RID	F1_1	F1_2	F1_3	F1_4	F1_5	F1_6	F1_7	F1_8
1	6	7	5	5	7	7	6	6
2	5	7	6	5	5	5	5	4
3	5	5	5	6	6	6	5	5
4	7	6	7	7	7	6	7	4
5	5	5	4	6	7	7	7	6

However, we want the data to look like this:

RID	Flourishing_pre
1	6.125
2	5.250
3	5.375
4	6.375
5	5.875

Task 1: Open the R project you created last week

If you haven’t created an R project for the lab yet, please do so now. If you already have one set up, go ahead and open it.

Task 2: Open your `.Rmd` file from last week

Since we haven’t used it much yet, feel free to continue using the .Rmd file you created last week in Task 2.

Task 3: Load in the library and read in the data

The data should be in your project folder. If you didn’t download it last week, or if you’d like a fresh copy, you can download the data again here: data_pair_coding.

We will be using the tidyverse package today, and the data file we need to read in is dog_data_raw.csv.

Hint

# loading tidyverse into the library
library(???)

# reading in `dog_data_raw.csv`
dog_data_raw <- read_csv("???")

Task 4: Calculating the mean for `Flourishing_pre`

Step 1: Select all relevant columns from dog_data_raw, including participant ID and all items from the Flourishing questionnaire completed before the intervention. Store this data in an object called data_flourishing.

Hint

Look at the codebook. Try to determine:

The variable name of the column where the participant ID is stored.
The items related to the Flourishing scale at the pre-intervention stage.

More concrete hint

From the codebook, we know that:

The participant ID column is called RID.
The Flourishing items at the pre-intervention stage start with F1_.

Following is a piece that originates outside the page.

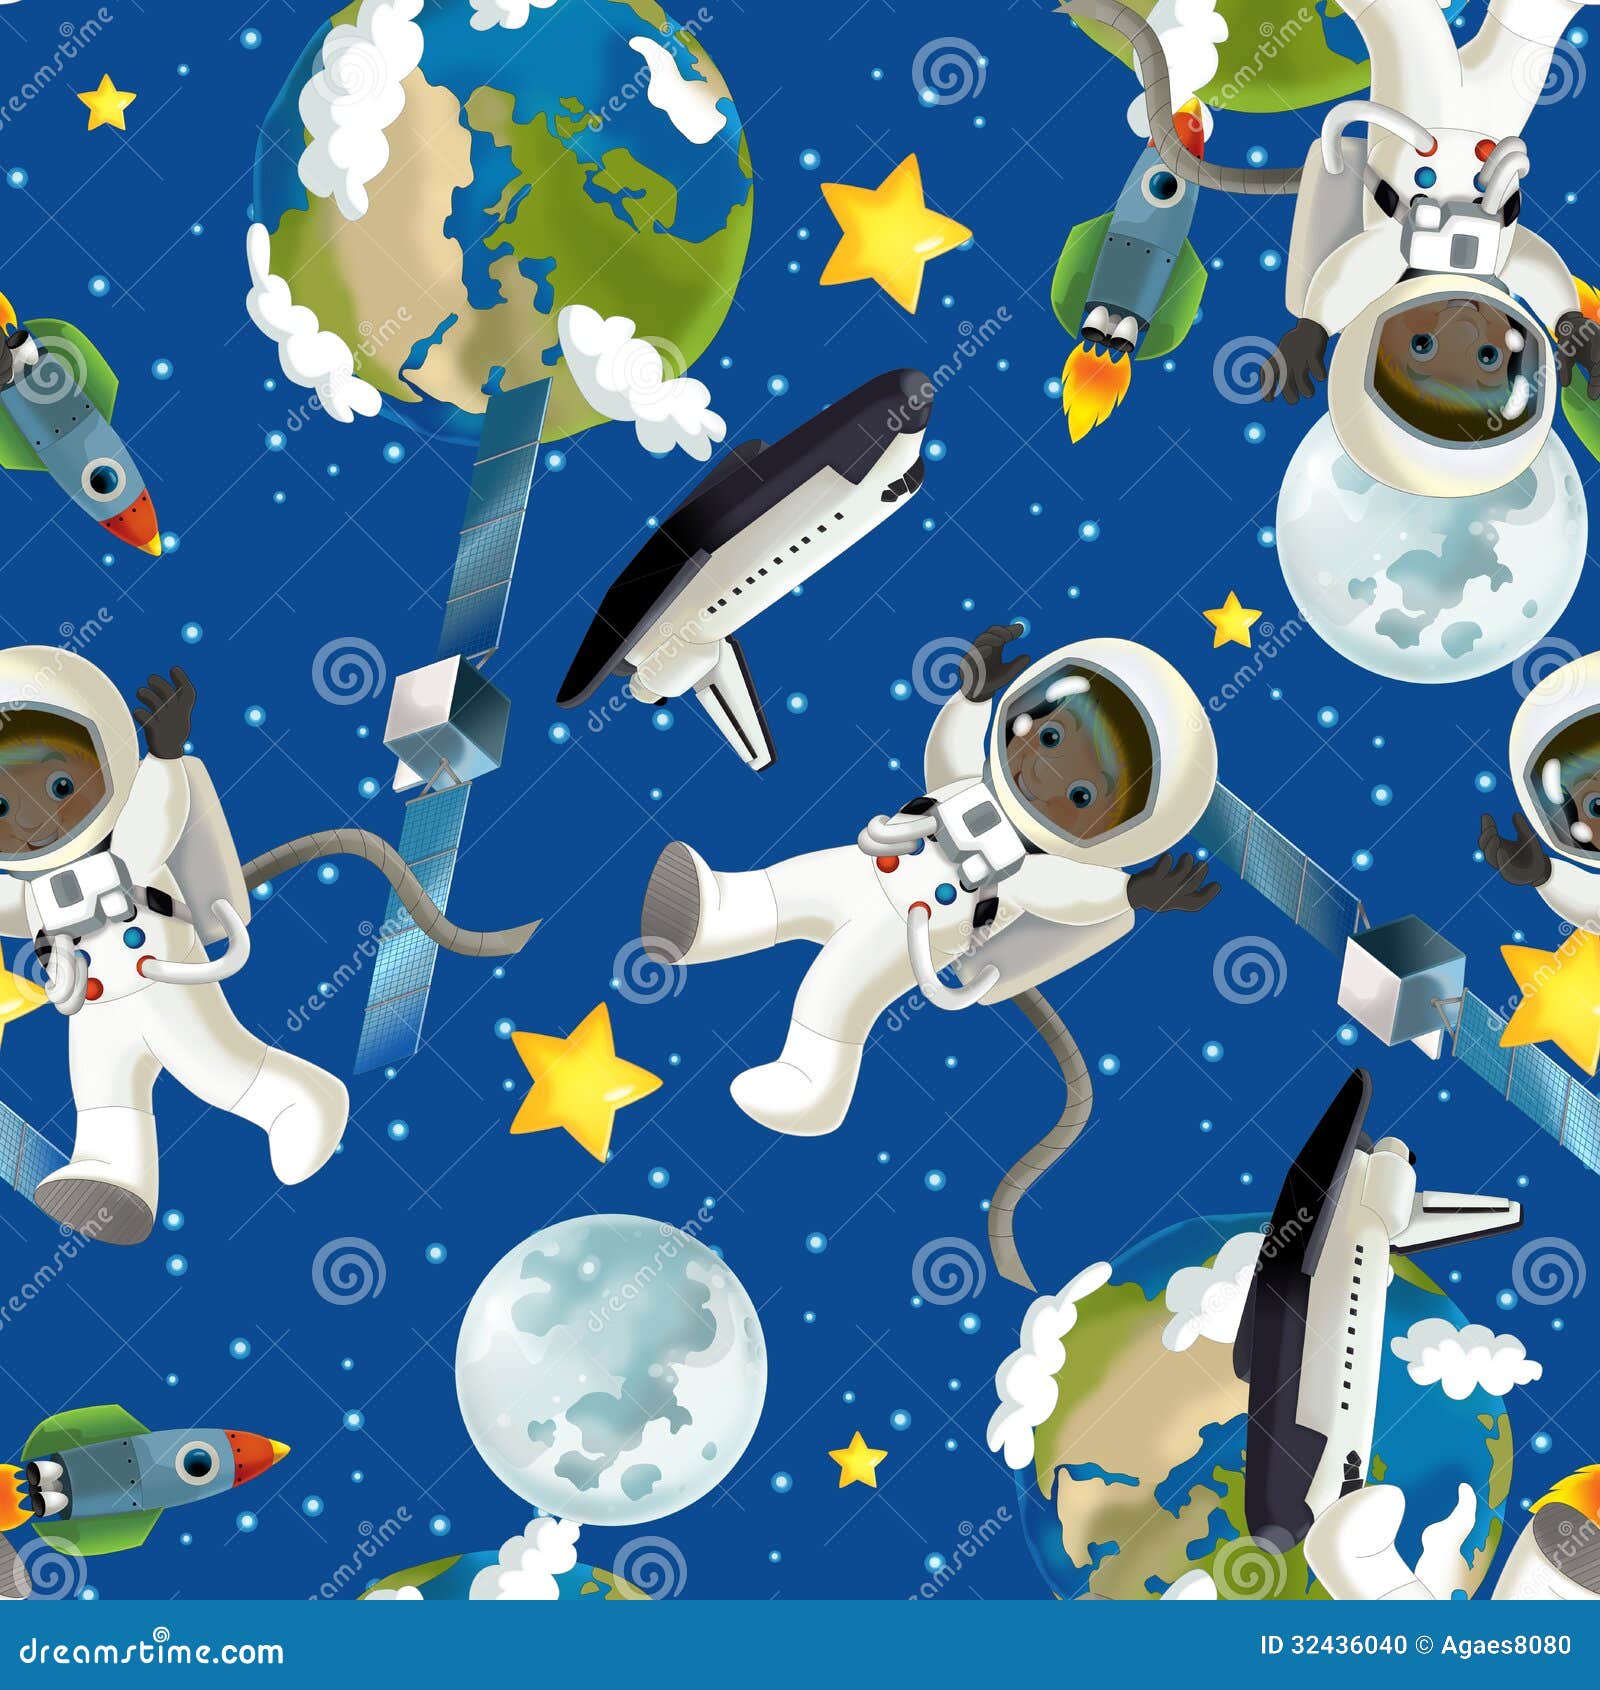 Семейное путешествие в космос. Рисунок семейное путешествие в космос. Космическое путешествие флэт. Космическое путешествие чип 2016. Отметь какой фон подойдет к космическому путешествию.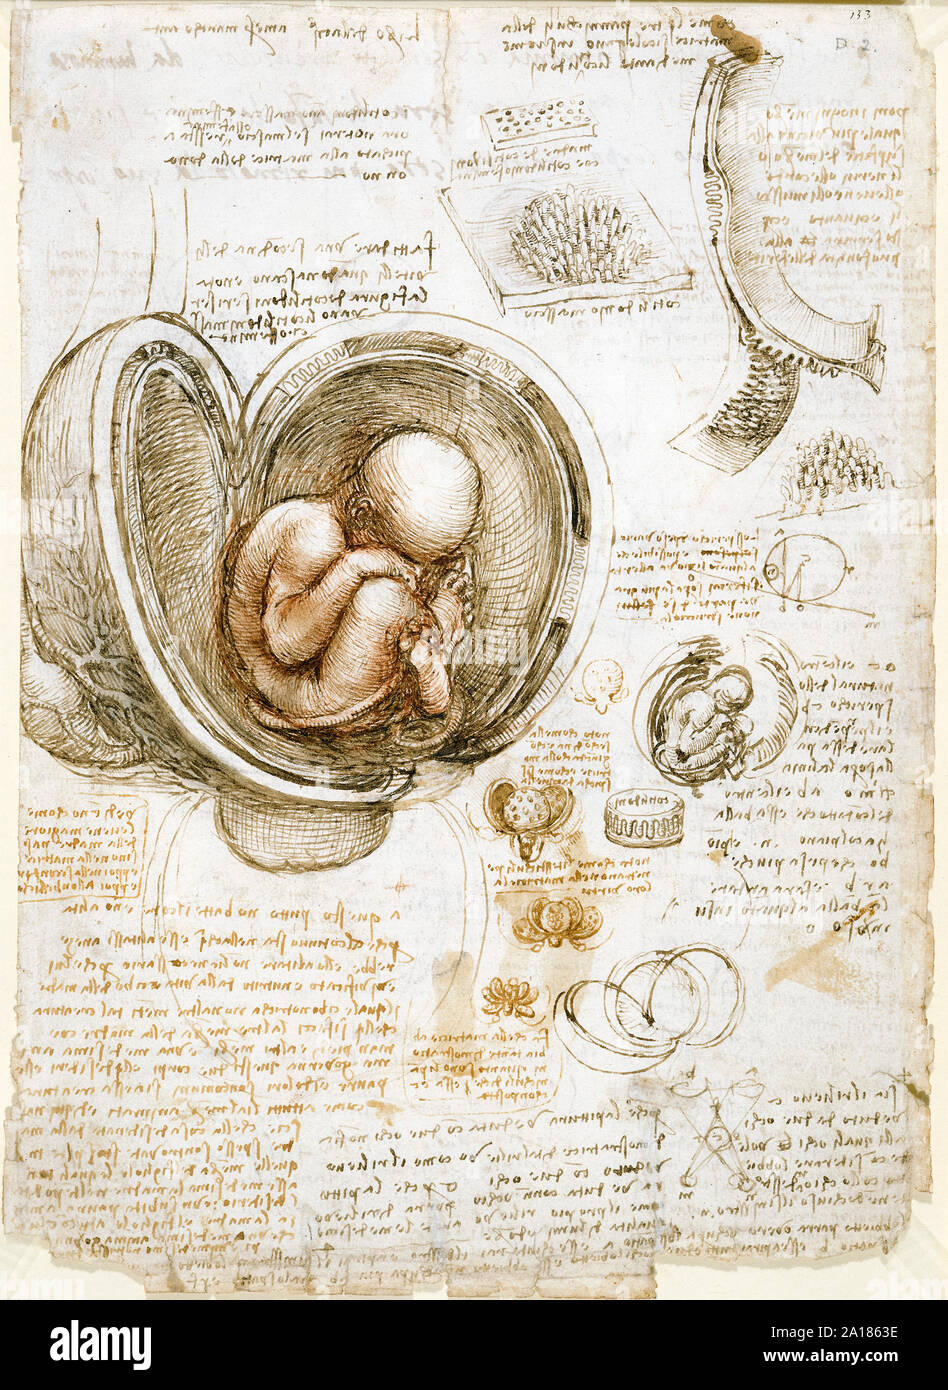 Des études sur les foetus dans l'utérus par Léonard de Vinci (1452-1519) vers 1511 montrant le foetus humain dans un siège à l'intérieur d'un utérus disséqués. Banque D'Images

data_flourishing <- ??? %>% 
  select(???, F1_???:F1_???)

Step 2: Pivot the data from wide format to long format so we can calculate the average score more easily (in step 3).

Hint

Which pivot function should you use? We have pivot_wider() and pivot_longer() to choose from.

We also need 3 arguments in that function:

The columns you want to select (e.g., all the Flourishing items),
The name of the column where the current column headings will be stored (e.g., “Questionnaire”),
The name of the column that should store all the values (e.g., “Responses”).

More concrete hint

We need pivot_longer(). You already encountered pivot_longer() in first year (or in the individual walkthrough if you have already completed this Chapter). The 3 arguments was also a give-away; pivot_wider() only requires 2 arguments.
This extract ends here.